The decision effectively means Polestar will withdraw from the American market once its current stock of the Polestar 3 and Polestar 4 models is sold. These models, the Polestar 3 assembled in the U.S. and the Polestar 4 manufactured in South Korea, will continue to be available for sale and service until the end of the current inventory.

“We will continue to sell current stock, just as today,” a Polestar spokesperson told InsideEVs in an email. “Moving forward, customers will enjoy the same access to service stations and customer service, but from MY 2027 onwards, we will stop marketing and sales of our cars in the U.S.”

The Connected Vehicle Rule, finalized towards the end of the Biden administration, restricts the sale of vehicles with Chinese-linked software beginning with the 2027 model year. Hardware restrictions are set to be enforced by 2030. This rule aims to address national security concerns surrounding Chinese technology in automated driving and connectivity systems.

Polestar had previously expanded its manufacturing capabilities outside of China. While the Polestar 3 is assembled in Charleston, South Carolina, the Polestar 4 is produced in Busan, South Korea, at a facility owned by Renault. In contrast, Volvo Cars, also majority-owned by Geely, received authorization to bypass the rule and continue U.S. sales.

Despite this setback, Polestar views this as a strategic shift rather than a retreat.
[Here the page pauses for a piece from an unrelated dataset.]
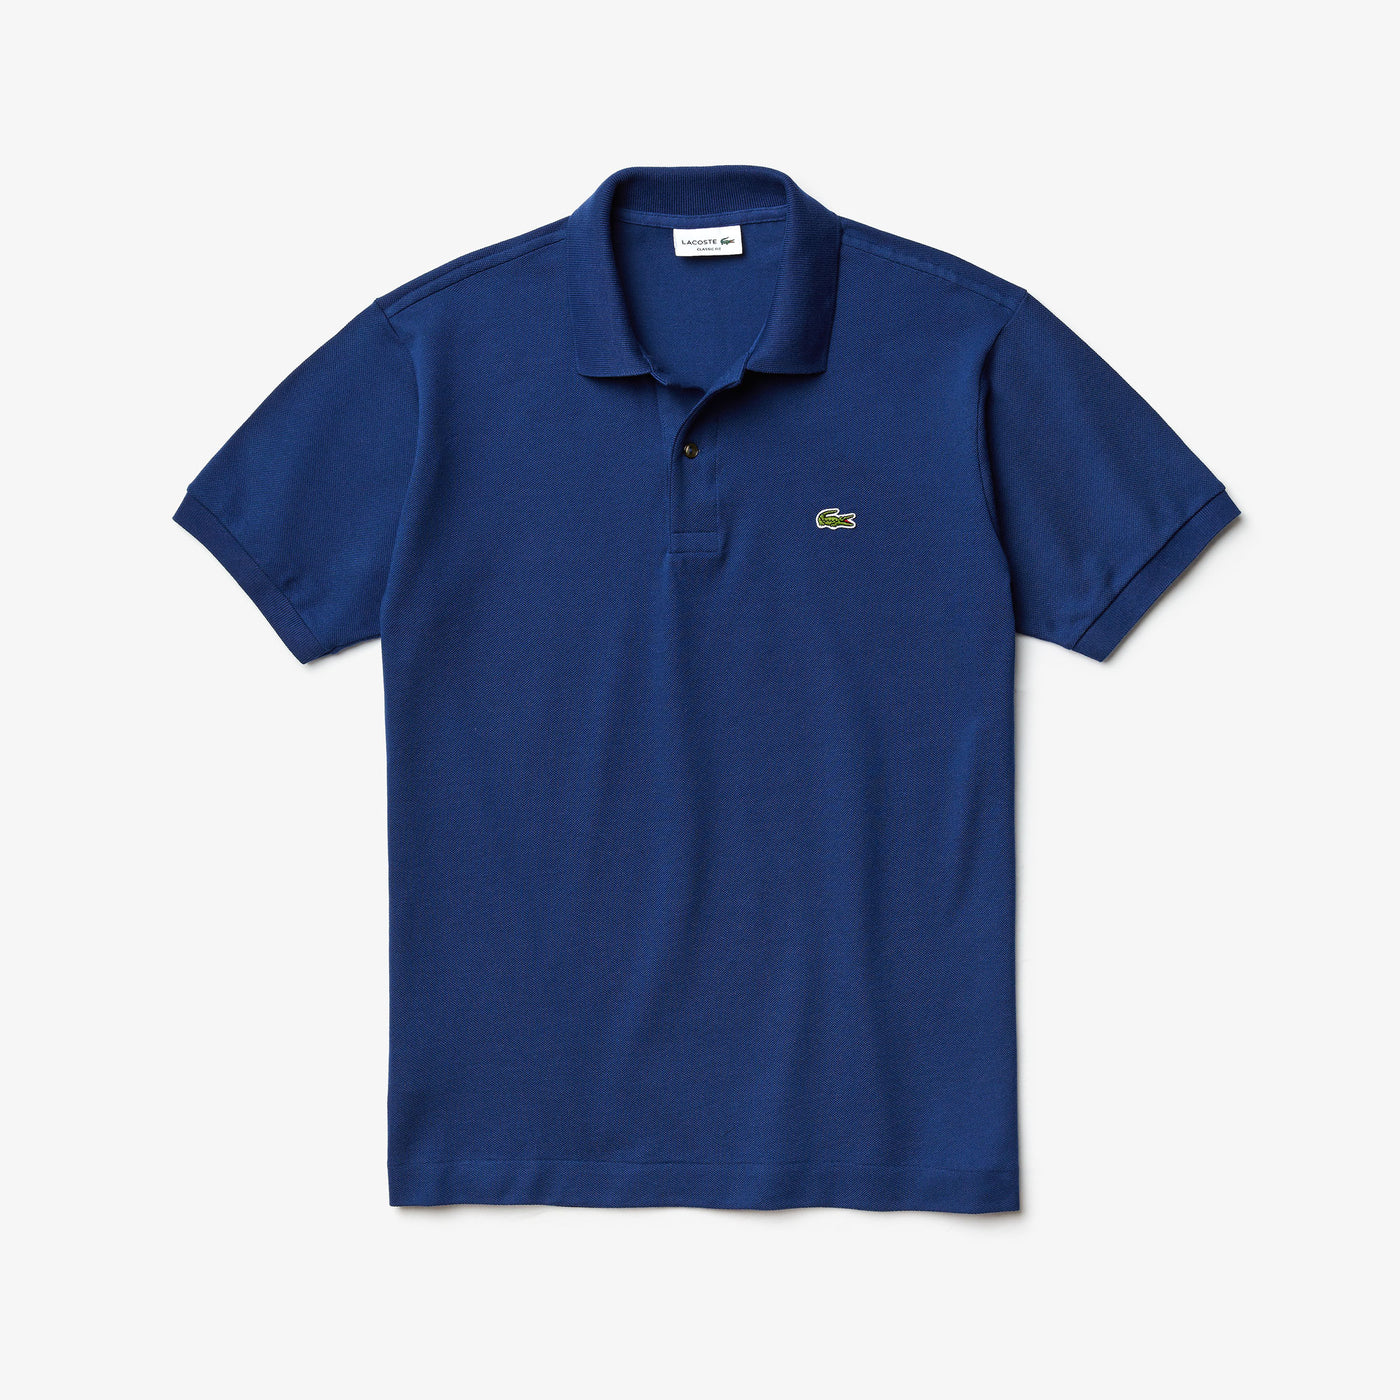 LACOSTE CLASSIC FIT L.12.12 POLO SHIRT - PERSONALIZABLE-L1212 - myHoldal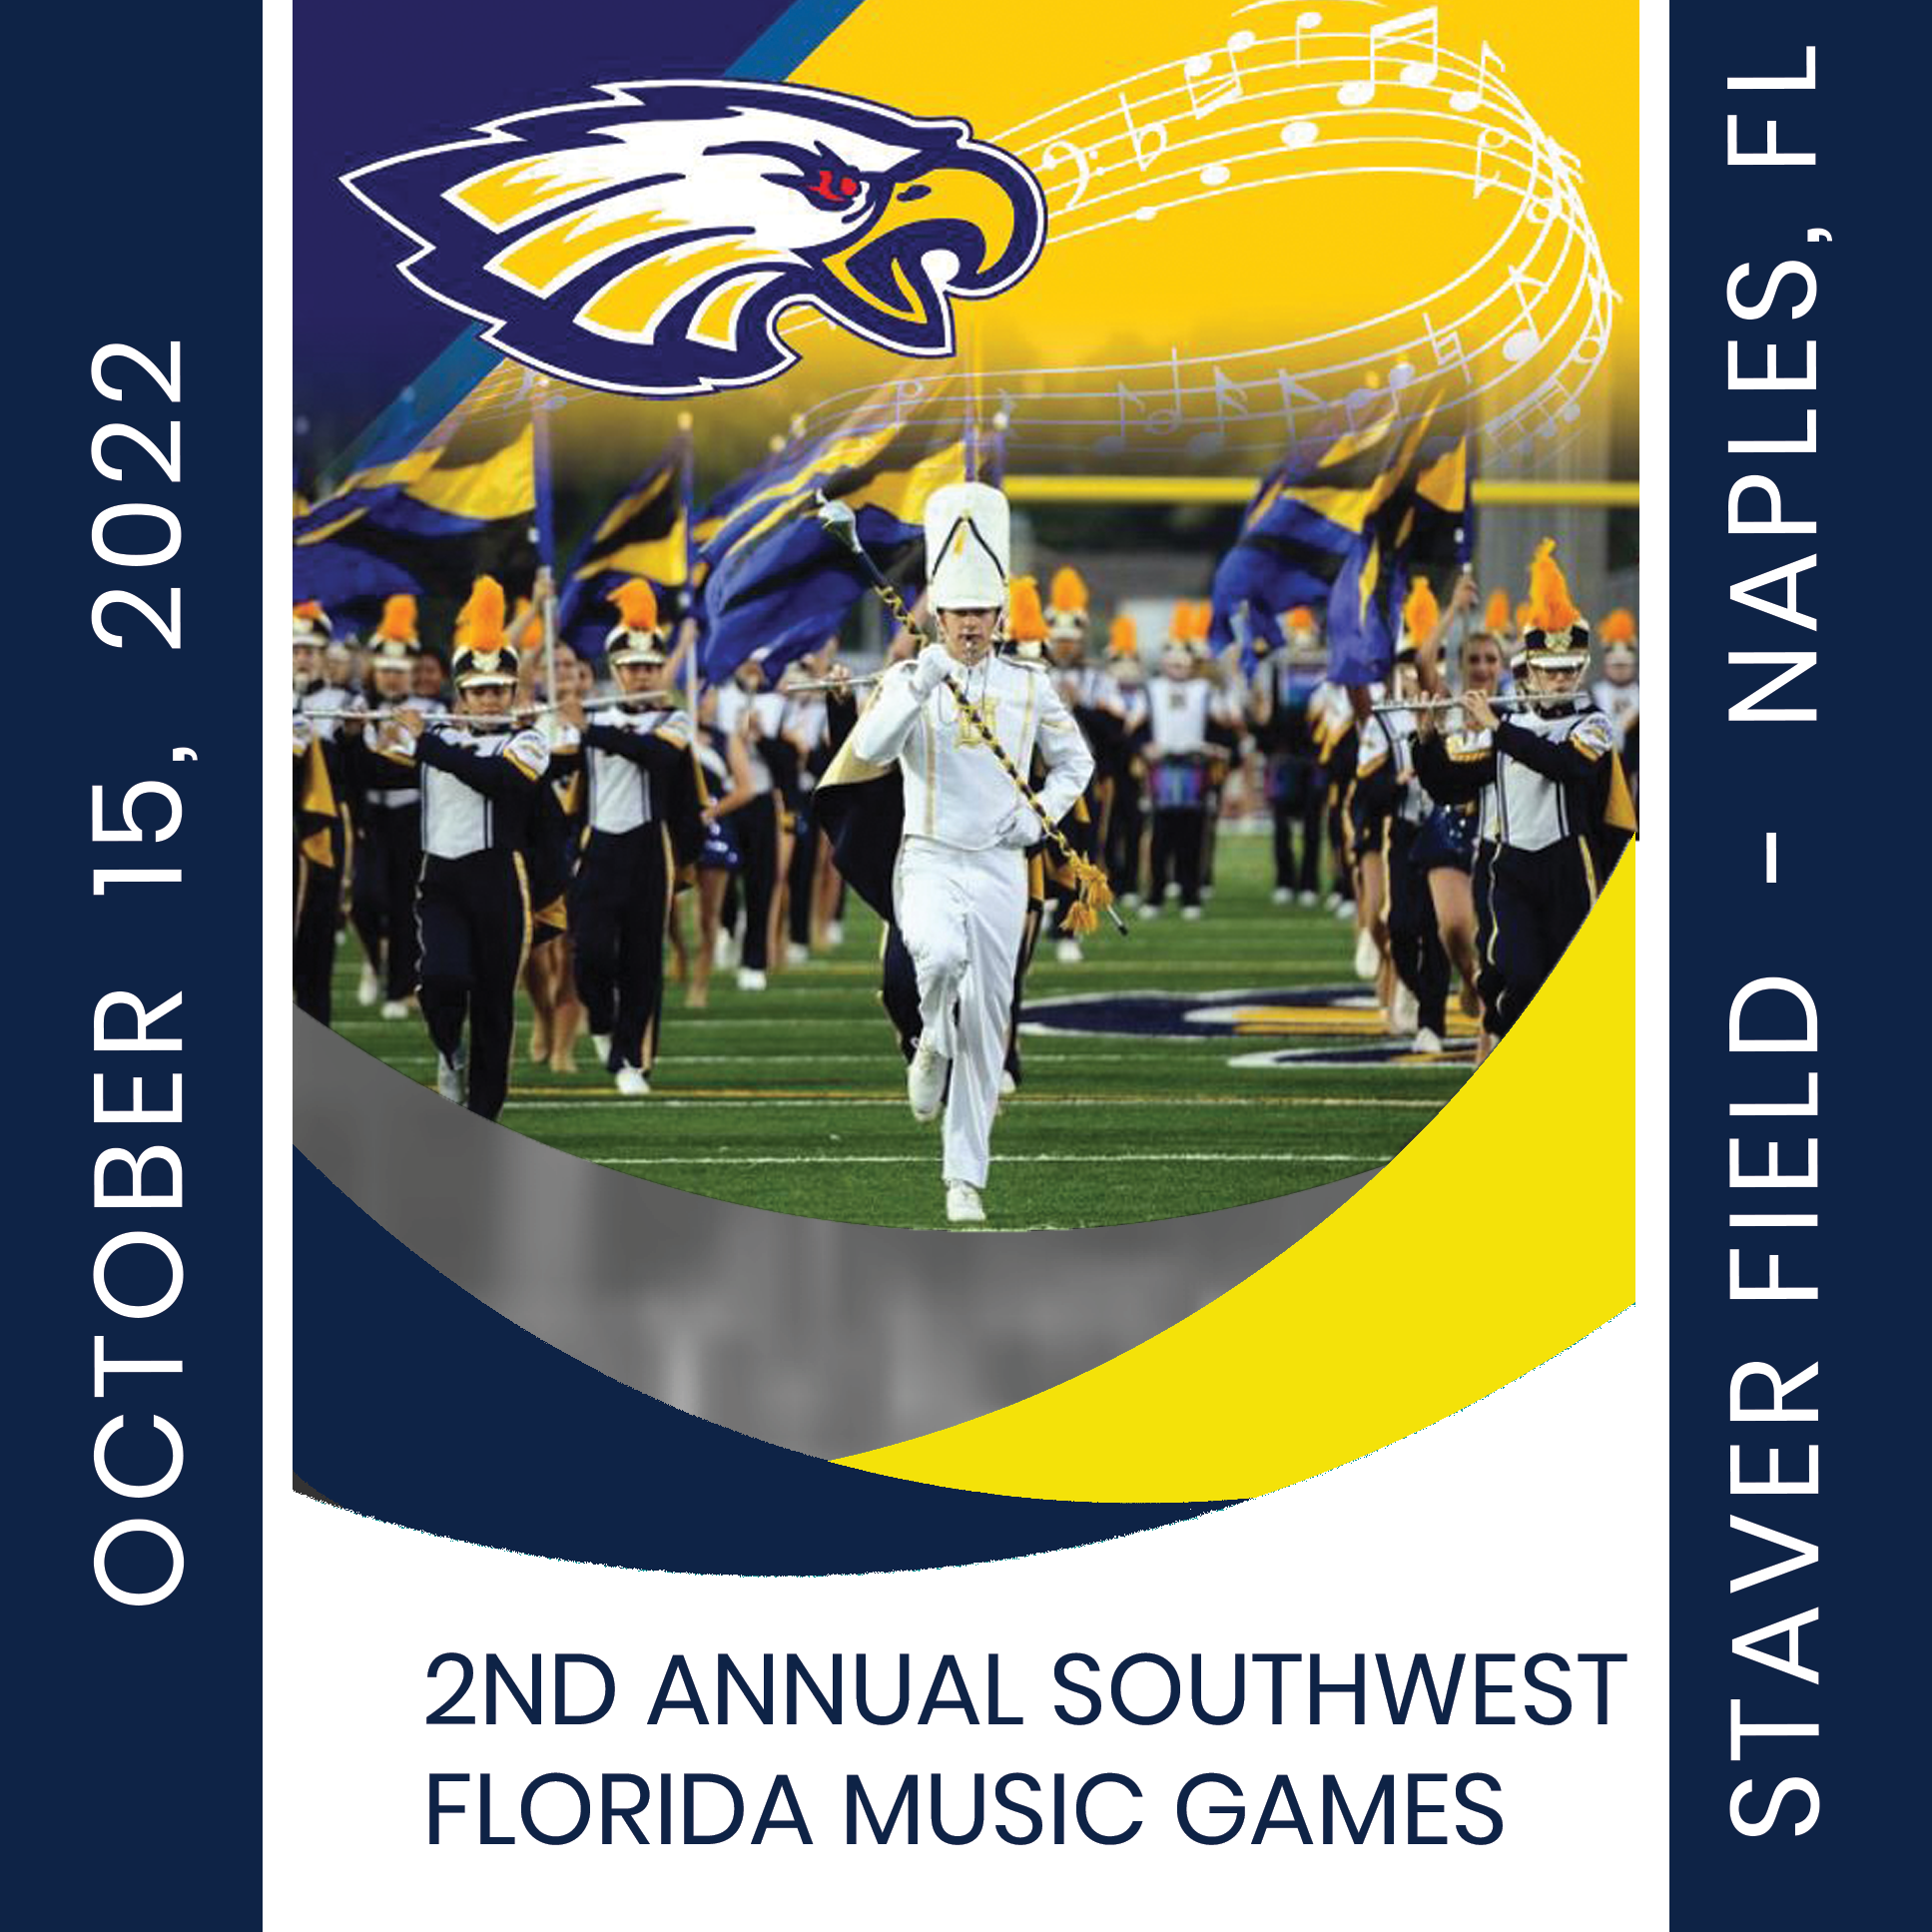 2nd Annual SW FL Music Games at Naples High

The company reports that European markets already account for nearly 80% of its sales, rising to 94% in the first quarter of the year when considering all markets outside the U.S.

“The automotive industry is entering a new phase, based on regional dynamics,” Polestar CEO Michael Lohscheller commented. “Our strategy reflects that, with Europe being our largest growth engine, and our plan to manufacture Polestar 7 in Europe. We will continue to invest in markets where we have opportunities to continue to grow, like Southeast Asia, Eastern Europe, Latin America, and Canada.”

Polestar had ambitious growth plans in both the U.S. and international markets. The company achieved its best-ever first quarter sales globally this year, driven by growth in Europe, Australia, and South Korea. Upcoming models include the next-generation Polestar 2 crossover and the Tesla Model Y competitor, Polestar 7. The Polestar 3 has recently been upgraded with an 800-volt architecture, enhanced fast-charging capabilities, and a more advanced Nvidia Drive AGX Orin computer.